A careful road has to be followed – unless you live in cuckooland, you will understand that we need mines and power stations and stuff. Right now in South Africa, there is a need for a large power station/s which can supply peak power for short periods. This is the Risk Mitigation Independent Power Producer Procurement Programme (RMIPPPP). It has been delayed from the start. These power producers generally use diesel or gas turbine generators and can be started and run up to full load in less than an hour. The way this country works is that anybody who gets approval to build and own these will make a fortune and has to be seriously politically connected to smooth the way for all the government approvals. In the last year, into this pool swam the powerships.

From The Argus: “Karpowership was selected as one of the preferred bidders under the RMIPPPP, which is aimed at alleviating South Africa’s near-term electricity supply crisis by fast-tracking 2 GW of new capacity. The Turkish firm was appointed to provide 1.22 GW . . . over 20 years using gas-fired powerships berthed at Coega, as well as Richards Bay, in KwaZulu-Natal, and Saldanha Bay, in the Western Cape.

“Karpowership lodged an appeal on July 13 against the Department of Forestry, Fisheries and the Environment’s (DFFE’s) rejection of its application for environmental permission. The DFFE had a maximum of 50 days to make a final decision on the appeal if no external expert was appointed to review the matter. That 50-day period ended on November 5.

“But the DFFE has told The Argus that it was in the process of appointing an independent expert to assist Minister Barbara Creecy in making a decision. As soon as the appointment process is finalised, the expert will have ten days to consider the appeal and make recommendations in respect thereof.”

In short, the DFFE is still considering granting approval for these three ships to generate power and noise in marine environments.

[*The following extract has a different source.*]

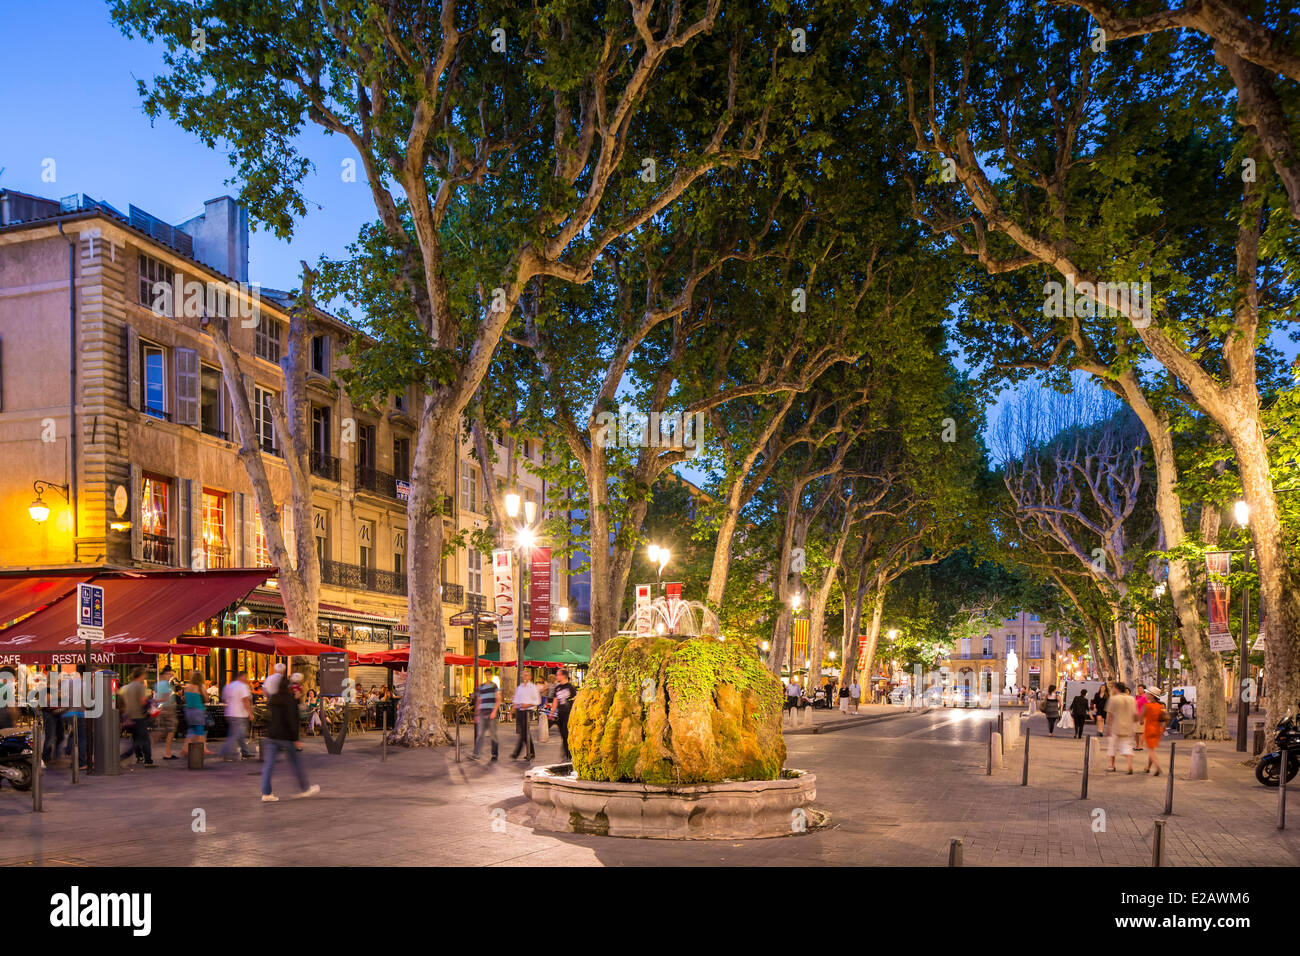 France, Bouches du Rhone, Aix en Provence, Cours Mirabeau, mossy fountain and King Rene statue Stock Photo
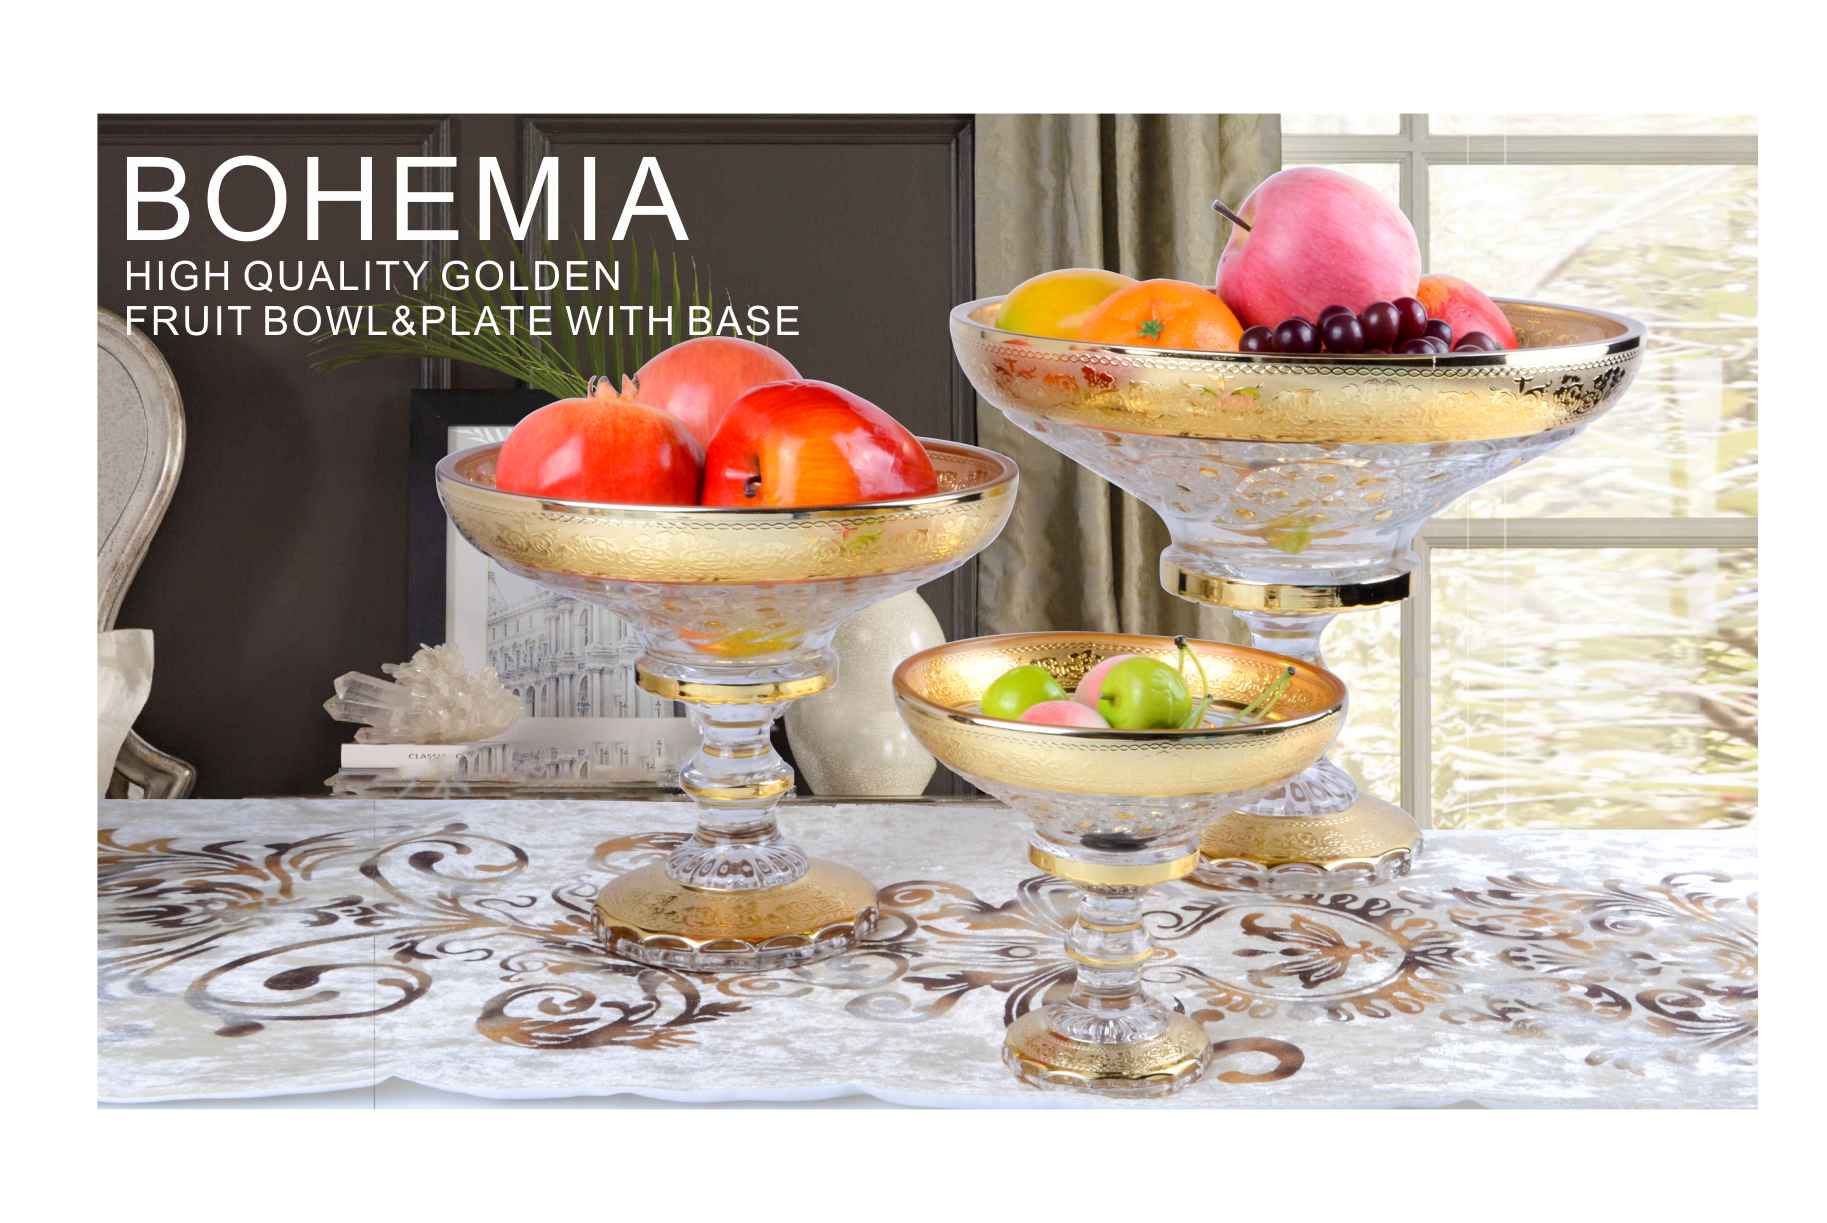 HIGH QUALITY GOLDEN FRUIT BOWL&PLATE WITH BASE

It’s now some time since November 5 and nothing has happened. But the moving finger writes: We suddenly hear, at the beginning of November 2021, that Shell wants to use marine air guns to explore for hydrocarbons off the Transkei Wild Coast. The Wild Coast. So, we all get together and pass the hat and burn the midnight oil and get this plan stopped without any assistance from the DFFE, which seems to conclude that the Shell environmental management plan, which states that marine life will suffer injury or mortality, is okay and not subject to its approval. And then still further, the seismic exploration ship, The M/V BGP Pioneer, suddenly puts to sea and starts seismic surveys, again without any DFFE response. So, we all get together and pass the hat and burn the midnight oil and get this plan stopped.

What does the DFFE do? It proposes amendments to the National Environmental Management Act (NEMA), which mean that it will be much more difficult to appeal environmental-impact assessments under the Act. You won’t be free to make your own submissions to environmental decision-making processes, such as NEMA appeals. Henceforth, generally, you will have to employ a registered environmental assessment professional (EAP).The requirement to appoint an EAP makes the processes more complex, expensive, and nullifies public participation. Those who cannot afford a registered EAP will be effectively excluded from these public participation processes.

It reminds me of Eskom and all the dodgy stuff. What is the problem with Creecy? She wants to make sure we stuff up the environment good and proper. What a shame she can’t choose the high road but has to grub-sniff around with the corrupt and greedy. What a darn shame.